Yup. Port St. Joe has a ton of them. When I first moved to Panama City Beach back in 1992, I used to get a good number of them on the back side of Shell Island, but I haven't gone for them since 1996 or so. They were pretty small early in the season, but when October rolled around, the sea scallops came in or they got larger bc no one else went and that's when it really got fun if you could stand the colder water.

Anyone ever looked in PCB for them in the last few years or are they gone now?

ON another note, another place that used to be LOADED with them was Tarpon Springs down south. Man did we used to hammer them down there.


----------



## sealark

You can't take bay scallops west of Mexico beach. Check the regs. for the East boundry.


----------



## Ruger7mmmag

Thanks Sea Lark as that must have gone into effect after we moved and I've often thought about taking the kids out when we are back visiting for them, guess that's not going to happen. Sad as that was a lot of fun and really convenient back in a day.


----------



## Ringo Redux

Old man and I were fishing in St. Andrew Bay off of the inside of the pass yesterday. Hot as seven kinds of you-know-where. But, the water was insanely clear and we spotted about 5 or 6 scallops. Dad was impressed - we hardly see them here at all anymore. But, St. Joe Bay has them by the bucket.


----------



## welldoya

There were a few years back in the 80s that the scallops were thicker at Fort McRae than they ever were at St. Joe. Much smaller area though.
We would get in the water about 7:30 am or so and be back at the house by noon with a gallon and a half shucked. Back then the limit was 1/2 gallon shucked per person.
There were times that I thought I was looking at where somebody had dumped shucked shells overboard. Turned out to just be a dozen scallops sitting there all together. Amazing.
I put 28 bags of scallops in the freezer that summer.
I don't think you can even take a boat in that little lagoon anymore.


----------



## Fish-n-Fur

sealark said:


> You can't take bay scallops west of Mexico beach. Check the regs. for the East boundry.


ROGER that. I believe the county lines (Bay and GULF) mark the western boundary - READ THE REGS, it's there in black on white.

Went to Port St. Joe (PSJ) once and didn't do too well scalloping. Maybe just in a really bad spot, as we were close to HWY 98, just East of the big boatramp.
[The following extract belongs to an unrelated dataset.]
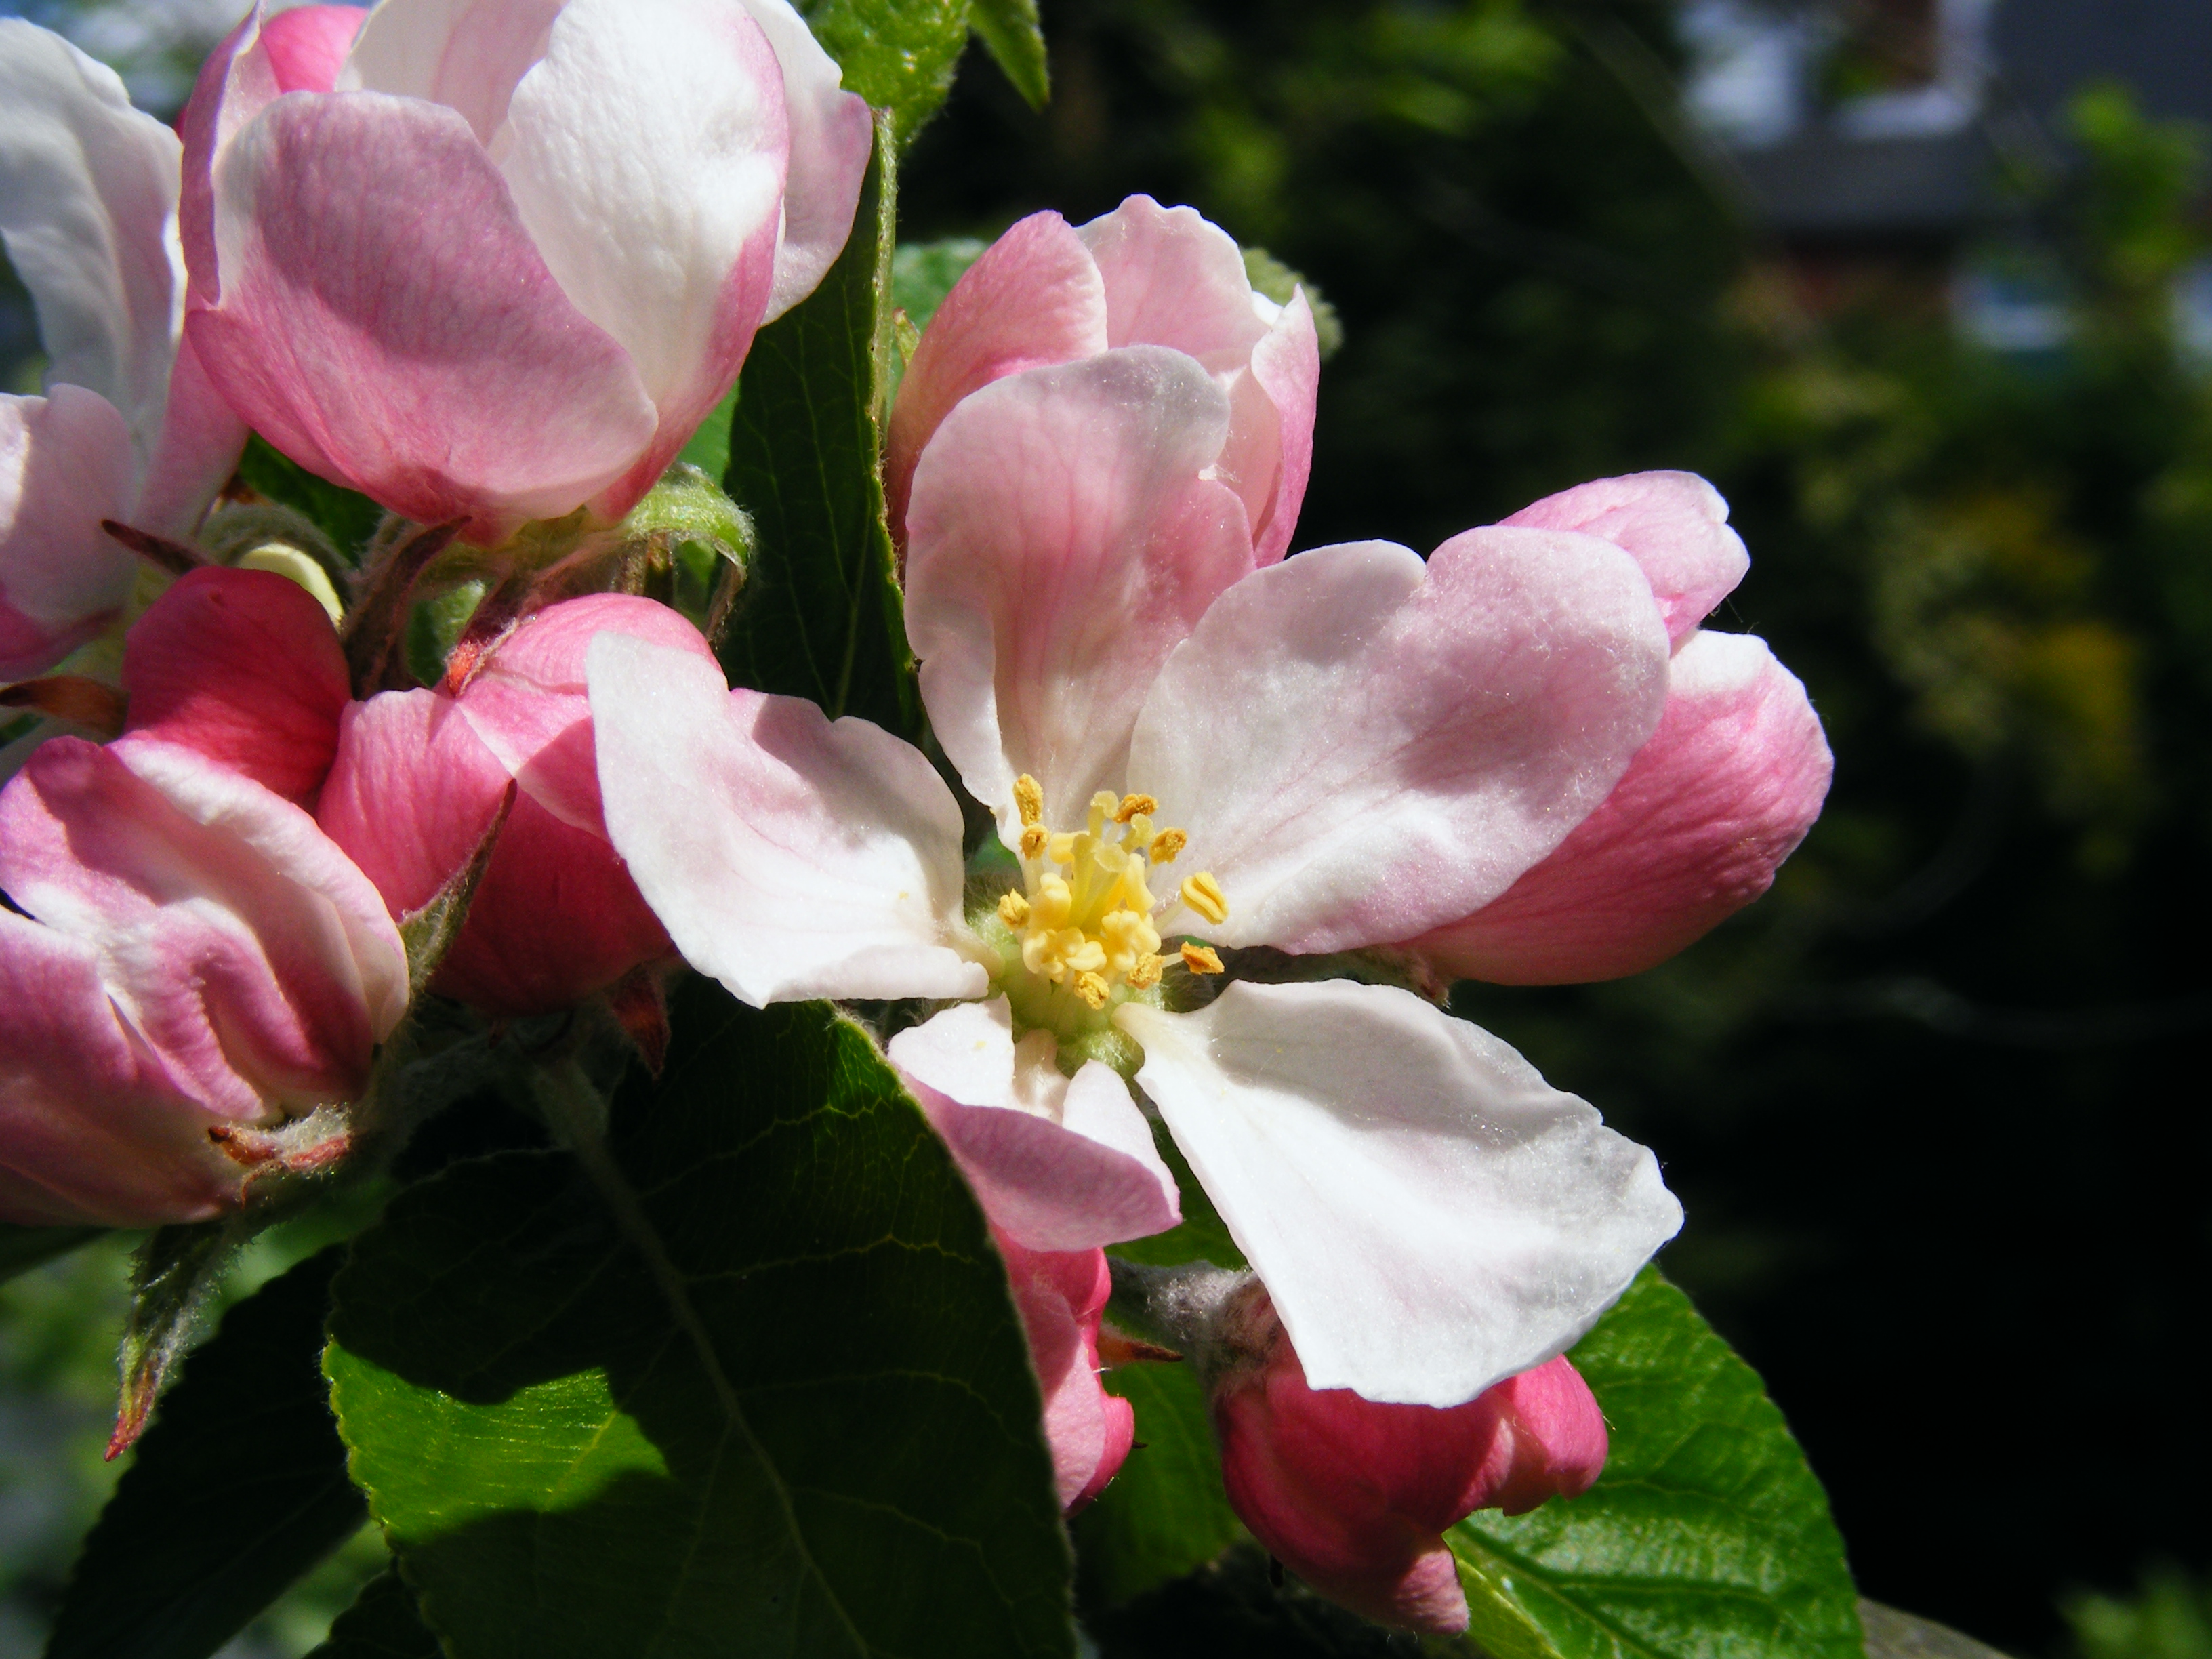 Browse And Share Apple Blossom Pics Image Wallpaper On ImgHD

Next day went to Apalachicola Bay and struck gold. Really fun thing to snorkel and "Sea Hunt" (noone probly remembers that cool show w/ Lloyd Bridges) for them.

Would be nice to know of a good area or 2 around PSJ / Mexico Beach area, as it would save a lot of time and driving. Thanks in advance if you've got any tips for the PSJ area. :notworthy:


----------



## jspooney

Just got back from Port St Joe and didn't find the first scallop. Only a few boats at the ramp found any at all. Either I am the worlds worst scalloper or they just aren't there right now. Oh well, we had fun anyway.


----------



## xxxxxxkidsoncoffee

For future reference, the area southeast of blacks island is overly abundant with them. Just look for the sandy patches and dive down. Don't go too deep though, there's bull sharks in the deep holes. The scallops are pretty camouflage so you gotta get right on them before you see em.


----------